Man steht morgens auf, hat gute Vorsätze – und am Ende des Tages hat man wieder zu viel gegessen, die E-Mails nicht beantwortet und sich im Gespräch mit dem Kollegen dümmer verkauft, als man eigentlich ist. Warum? Weil unsere Erwartungen an uns selbst (und an andere) oft mehr Wunschdenken als Realität sind.
Wir überschätzen, wie besonders wir sind
Die meisten Menschen halten sich für moralischer, klüger und empathischer als den Durchschnitt. Das Problem: Das geht rein rechnerisch nicht auf. Trotzdem gehen viele durch die Welt mit der Überzeugung, ihre Gedanken wären besonders tiefgründig, ihre Entscheidungen besonders überlegt. In Wirklichkeit funktionieren wir meist auf Autopilot, reagieren impulsiv und rationalisieren hinterher. Wer das nicht glaubt, sollte sich mal bewusst machen, wie viele „bewusste Entscheidungen“ am Tag eigentlich nur Gewohnheit sind.
Beispiel gefällig? Der Vorsatz, abends keine Chips mehr zu essen. Um 20 Uhr weiß man noch, wie schlecht man sich gestern gefühlt hat. Um 21 Uhr steht man trotzdem vor dem Schrank. Um 21:05 ist die Tüte leer – und man hat eine gute Ausrede: „War halt ein stressiger Tag.“
Erwartungen machen uns unglücklich
Wir glauben, bestimmte Dinge müssten uns glücklich machen: die Beförderung, die neue Wohnung, die richtige Beziehung. Und ja – für einen Moment fühlt sich das auch gut an. Aber spätestens nach ein paar Wochen ist alles wieder normal. Die Wohnung ist schöner, aber der Nachbar nervt. Die Beziehung ist stabil, aber der Alltag zieht ein. Und der neue Job bringt mehr Verantwortung – und mehr Mails.

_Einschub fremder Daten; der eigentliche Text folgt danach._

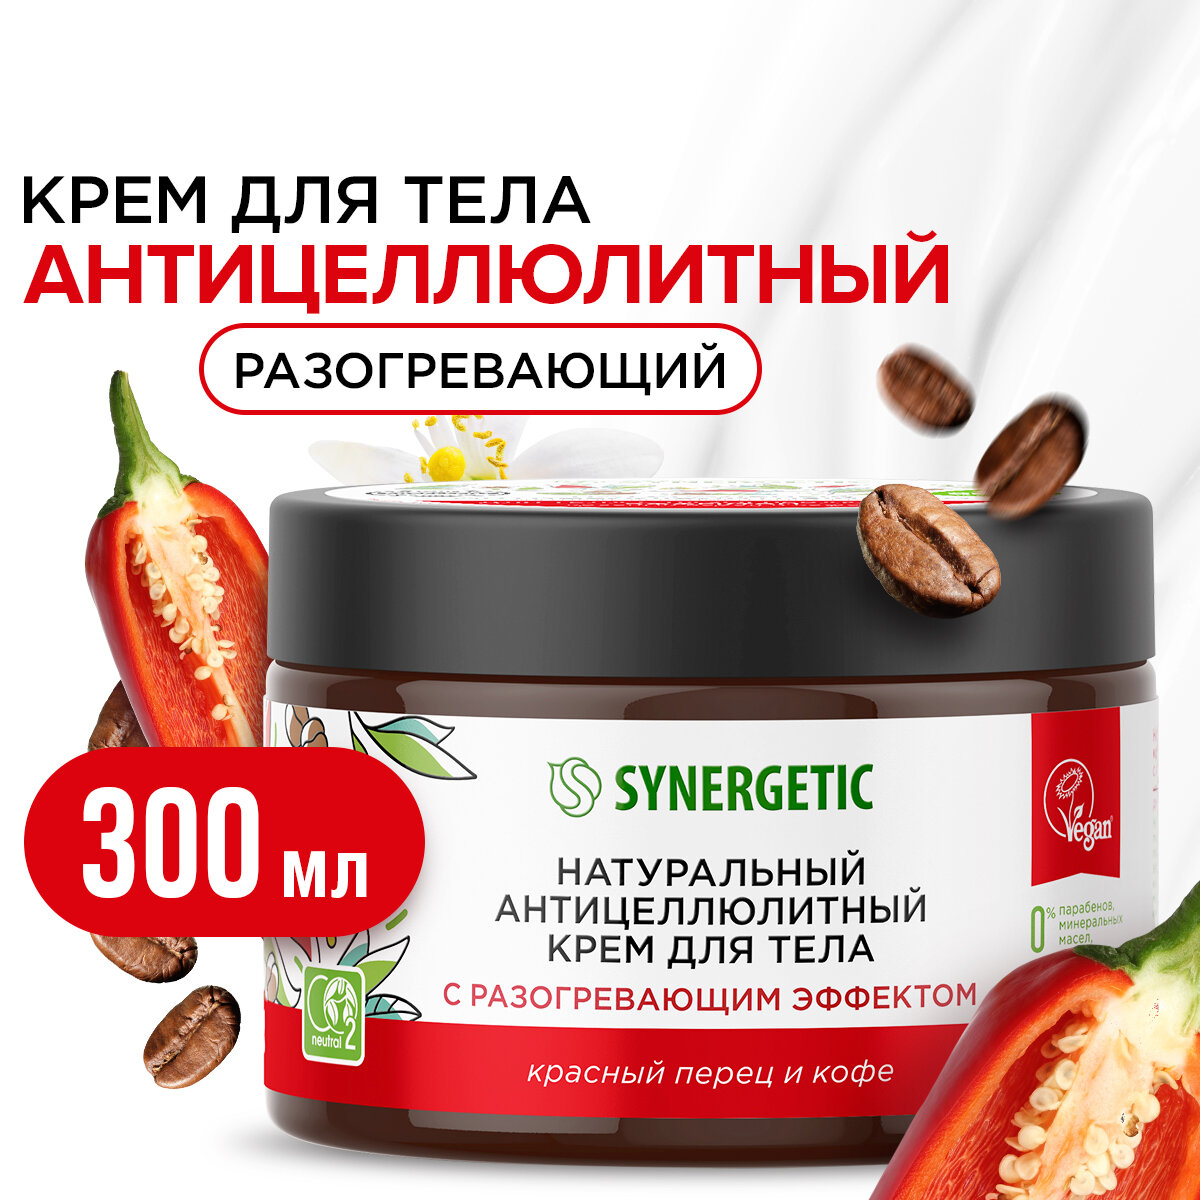 Натуральный антицеллюлитный крем для тела SYNERGETIC с разогревающим эффектом "Красный перец и кофе", 300 мл

Das nennt sich „hedonistische Adaption“: Wir gewöhnen uns schnell an Neues, auch an das Gute. Und dann kommt das nächste Ziel. Und wieder eins. Bis man irgendwann merkt, dass man in einem Hamsterrad läuft – mit Netflix als Abendprogramm und dem Gedanken: „Irgendwas fehlt.“
Lebensmitte: Willkommen im Club der Sinnsuchenden
Man muss nicht 50 sein, um sich in der Lebensmitte zu fühlen. Oft reicht ein Montag. Oder das Gefühl, dass man irgendwie „alles“ hat, aber trotzdem nicht zufrieden ist. Viele erleben eine Phase, in der Fragen auftauchen, auf die es keine einfachen Antworten gibt: War’s das? Kommt da noch was? Bin ich überhaupt der Mensch, der ich sein wollte?
Das ist kein persönliches Versagen. Es ist ein kollektives Phänomen. Studien zeigen, dass das Wohlbefinden oft in der Lebensmitte abnimmt – egal, ob man in Stuttgart lebt oder in Singapur. Es ist also nicht dein Job, dein Partner oder das Wetter. Es ist dein Kopf.
„Sei du selbst“ – nur dumm, wenn man nicht weiß, wer das ist
Ein beliebter Ratschlag: „Sei einfach du selbst.“ Klingt super. Bis man merkt, dass man sich selbst gar nicht so gut kennt. Wer ist dieses „Ich“, das authentisch sein soll? Der, der am Sonntag motiviert Pläne macht – oder der, der am Montagmorgen den Wecker fünfmal wegdrückt?
Authentisch sein bedeutet nicht, einfach alles rauszuhauen, was man denkt. Es bedeutet, zu wissen, was einem wichtig ist – und entsprechend zu handeln. Und das ist Arbeit. Kein Pinterest-Zitat.
Was bleibt?
Am Ende des Tages geht es nicht darum, immer alles richtig zu machen. Aber ein bisschen ehrlicher mit sich selbst zu sein, hilft. Erwartungen runterzuschrauben – nicht ins Zynische, sondern ins Realistische. Und nicht jedem Gefühl sofort hinterherzulaufen.
Vielleicht sind wir gar nicht so besonders. Aber das macht uns menschlich. Und das ist – wenn man ehrlich ist – schon kompliziert genug.